LONDON, Ky. (LEX 18) – The heart of downtown London is adorned with mounds of colorful flowers and thriving with new businesses opening around every corner.
Main Street is where people go to hang out in London.
“We feel like better friendships are formed when you meet on Main,” said Phil Smith, owner of Local Honey.
Local honey open in February and serves “trendy eclectic comfort food” inside what was once a picture frame store at 300 N Main St.
Smith said the location was ideal for several reasons, but one of the most important being their passion for creating a downtown area that their community can be proud of.
“For me, the main street of any city is always the heart and soul of the community,” he said. “We feel like this is where most people go.”
London city center is a non-profit organization focused on the economic growth of the district.
In recent years, the organization has put its energy into investing in local businesses in order to create a territory where events are frequent and business flourishes.
“When you see a vibrant and vibrant downtown, you can tell the community is alive and caring. For me, it’s a place I want to be, ”said Julie Rae, Executive Director of London Downtown. “We want it to be a place where people can come and enjoy. “
Their efforts have made a visible difference.
For several years, many showcases remained empty.
“Now we don’t have enough buildings to house these people,” Rae said.
Rae said even the coronavirus hadn’t slowed them down. No business closed permanently due to the pandemic.
The region’s success caught the eye of London-born Chloe Hopkins, who hosted her own grand opening in May.
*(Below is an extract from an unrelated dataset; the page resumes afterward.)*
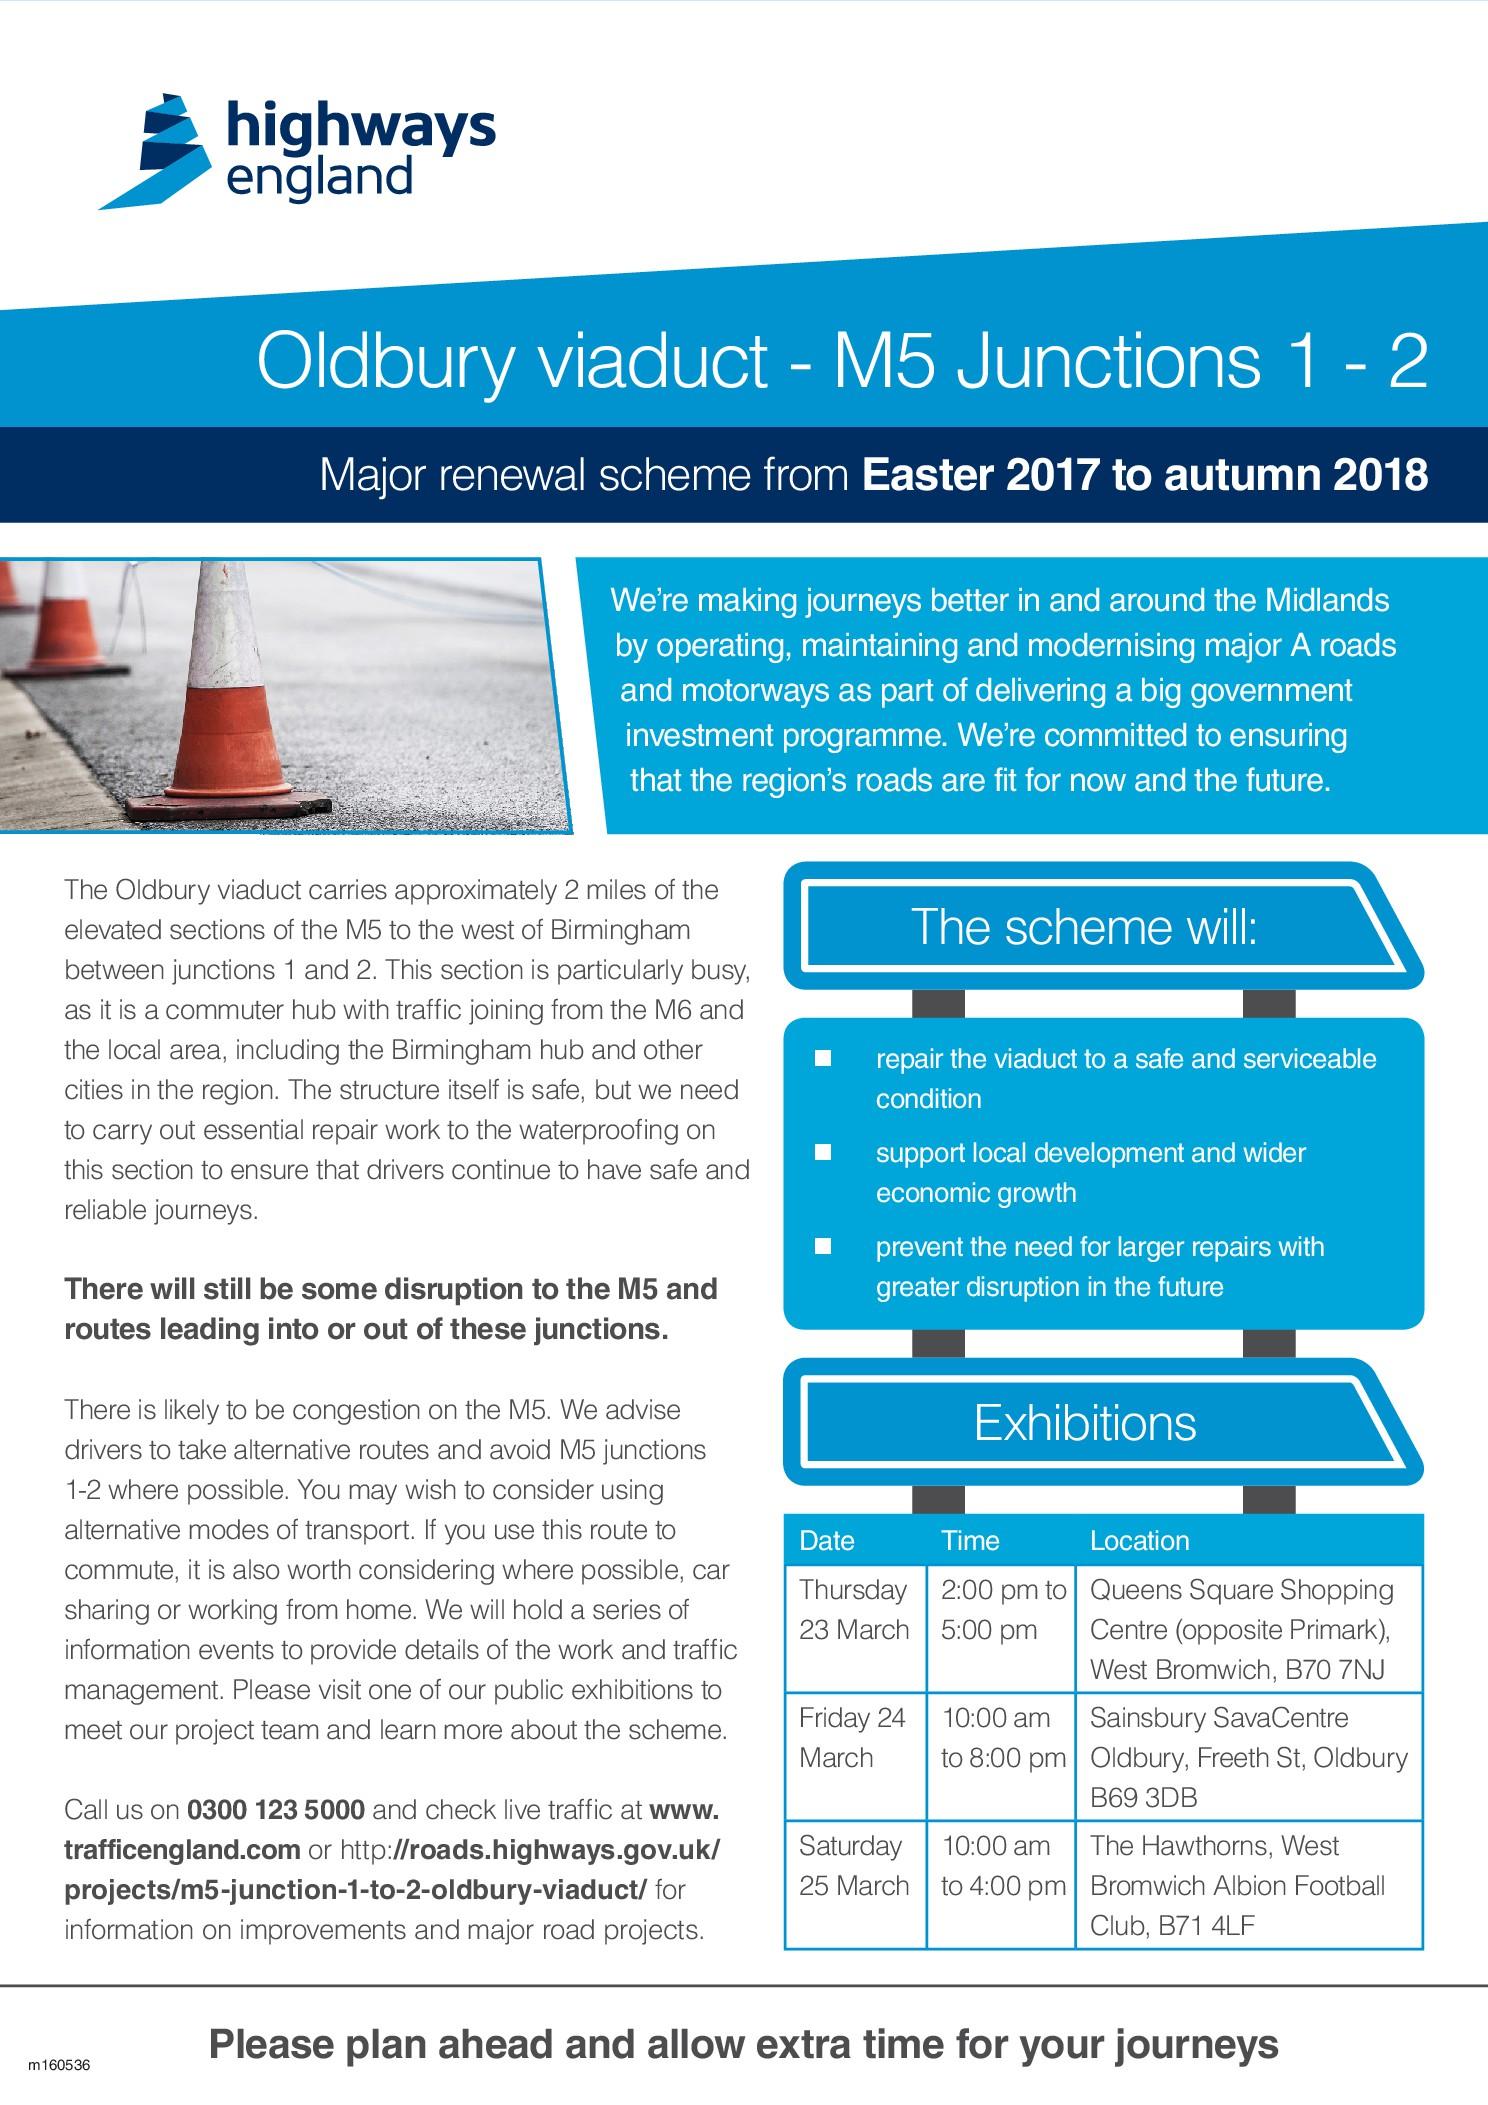 Oldbury Viaduct M5 Junctions 1 to 2 – Major Renewal Scheme

“It’s the perfect place,” she said.
She owns The bluegrass baker where she sells all kinds of candy including macaroons, cakes, cupcakes and her grandmother’s famous chocolate chip cookies.
“People love them. They come and buy them by the dozen, ”Hopkins said.
Hopkins said she plans to open the bakery in Louisville, where she worked at the time, but her heart is in her hometown.
Seeing the booming downtown district finally convinced her to return home.
“I’m really excited to bring something new to London that wasn’t here before,” she said. “We had people from all over to try our treats.”
“That’s what you want. You don’t want an empty downtown. You want people who are excited to come in,” Rae said.
Rae said that the more enthusiastic local business owners are about being downtown, the more excited people are to go. And London can only continue to grow from there.